Partial Sums

In a loose sense, summation is related to integration, and using this intuition we can expect the nth partial sum formula for this sum to be in the form of a third degree polynomial. A third degree polynomial is uniquely defined by four points. So we construct a polynomial $p(x) = ax^3+bx^2+cx+d$ and we compute various partial sums. Doing this gives us $p(0)=1$ , $p(1)=2$ , $p(2)=5$ , $p(3)=12$ . We can then construct the following system of linear equations

$\begin{aligned} 0a + 0b + 0c + d = & 1\\ a + b + c + d =& 2 \\ 8a+4b+2c+d=& 5 \\ 27a + 9b + 3c + d =& 12 \end{aligned}$

Which can easily be solved by putting it into a matrix and computing the RREF of that matrix, or with whatever method one uses.

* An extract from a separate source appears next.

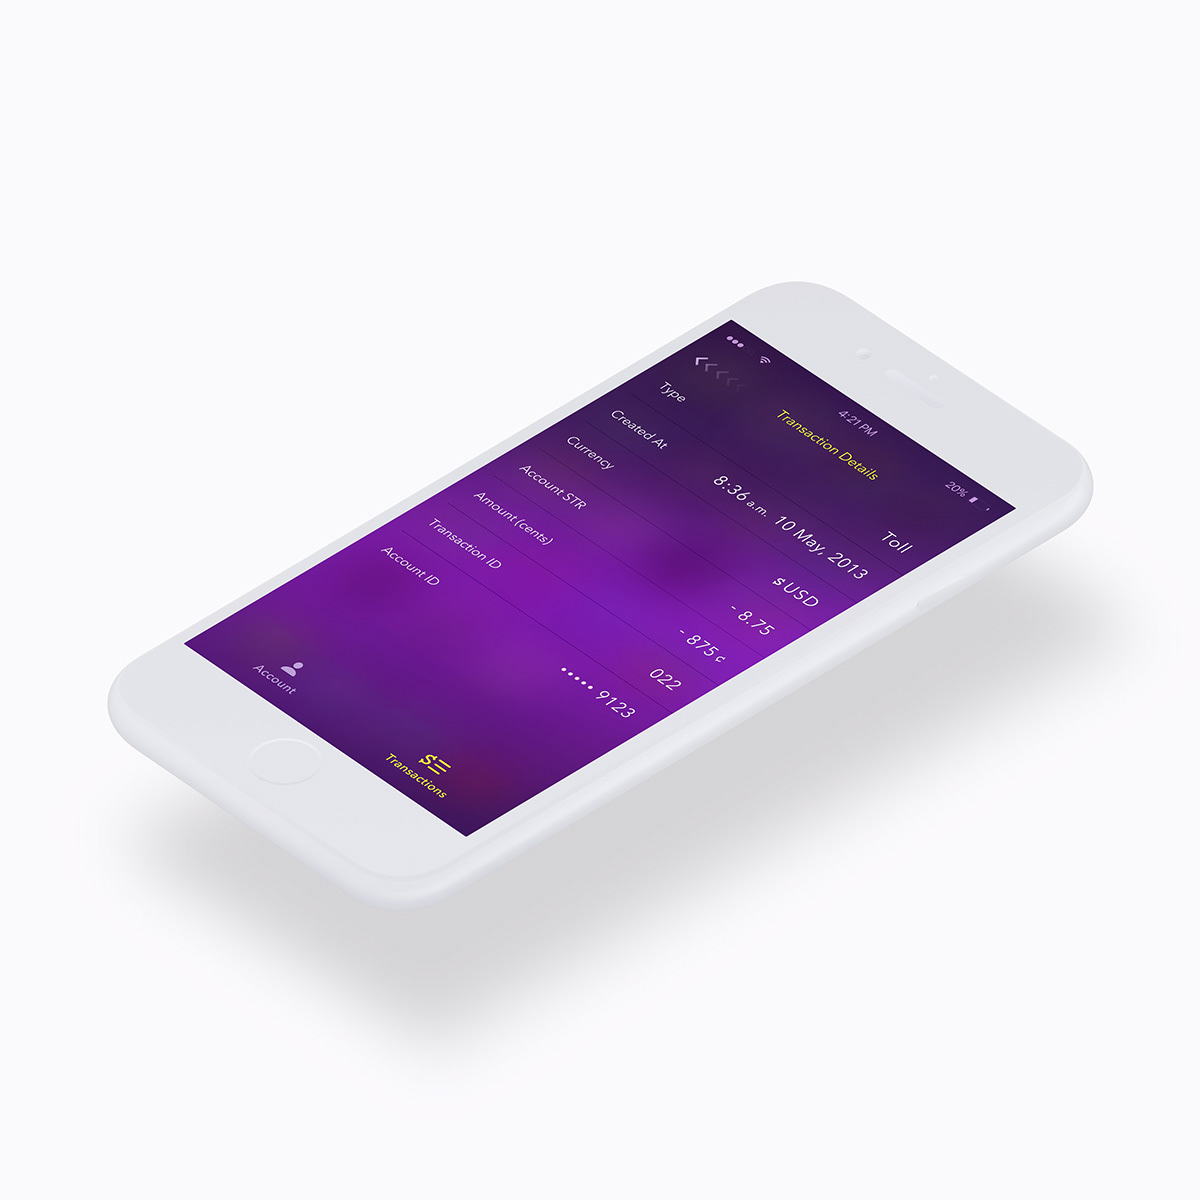 ezpass mobile ios app design Adobe Portfolio

$\begin{bmatrix} 0 & 0 & 0 & 1 & 1 \\ 1 & 1 & 1 & 1 & 2 \\ 8 & 4 & 2 & 1 & 5 \\ 27 & 9 & 3 & 1 & 12 \end{bmatrix} \to \begin{bmatrix} 1 & 0 & 0 & 0 & \frac{1}{3} \\ 0 & 1 & 0 & 0 & 0 \\ 0 & 0 & 1 & 0 & \frac{2}{3} \\ 0 & 0 & 0 & 1 & 1 \end{bmatrix}$

Which of course gives us $a= \frac{1}{3}$ , $b = 0$ , $c = \frac{2}{3}$ , $d = 1$ . Therefore the $\textit{unique}$ polynomial that passes through the four summation points is $p(x) = \frac{1}{3}x^3 + \frac{2}{3}x +1$ , then restricting the argument to positive integers gives us the partial sum formula:

$p(n) = \frac{1}{3}n^3 + \frac{2}{3}n + 1 = \boxed{\frac{1}{3}(n+1)(n^2-n+3)}$ Alternatively if one recognizes the three sums making up $k^2-k+1$ then this problem is easier. $\begin{aligned} \sum_{k=0}^n k^2 & = \frac{1}{6}n(n+1)(2n+1) \\ \sum_{k=0}^n k & = \frac{1}{2}n(n+1)\\ \sum_{k=0}^n 1 & = n+1\\ \end{aligned}$ Combining all of these formulas yields us the correct result: $\begin{aligned} \sum_{k=0}^n k^2 - k + 1& = \frac{1}{6}n(n+1)(2n+1) - \Big[ \frac{1}{2}n(n+1)\Big] + n+1\\ \sum_{k=0}^n k^2 - k + 1 & = \boxed{\frac{1}{3}(n+1)(n^2-n+3)} \end{aligned}$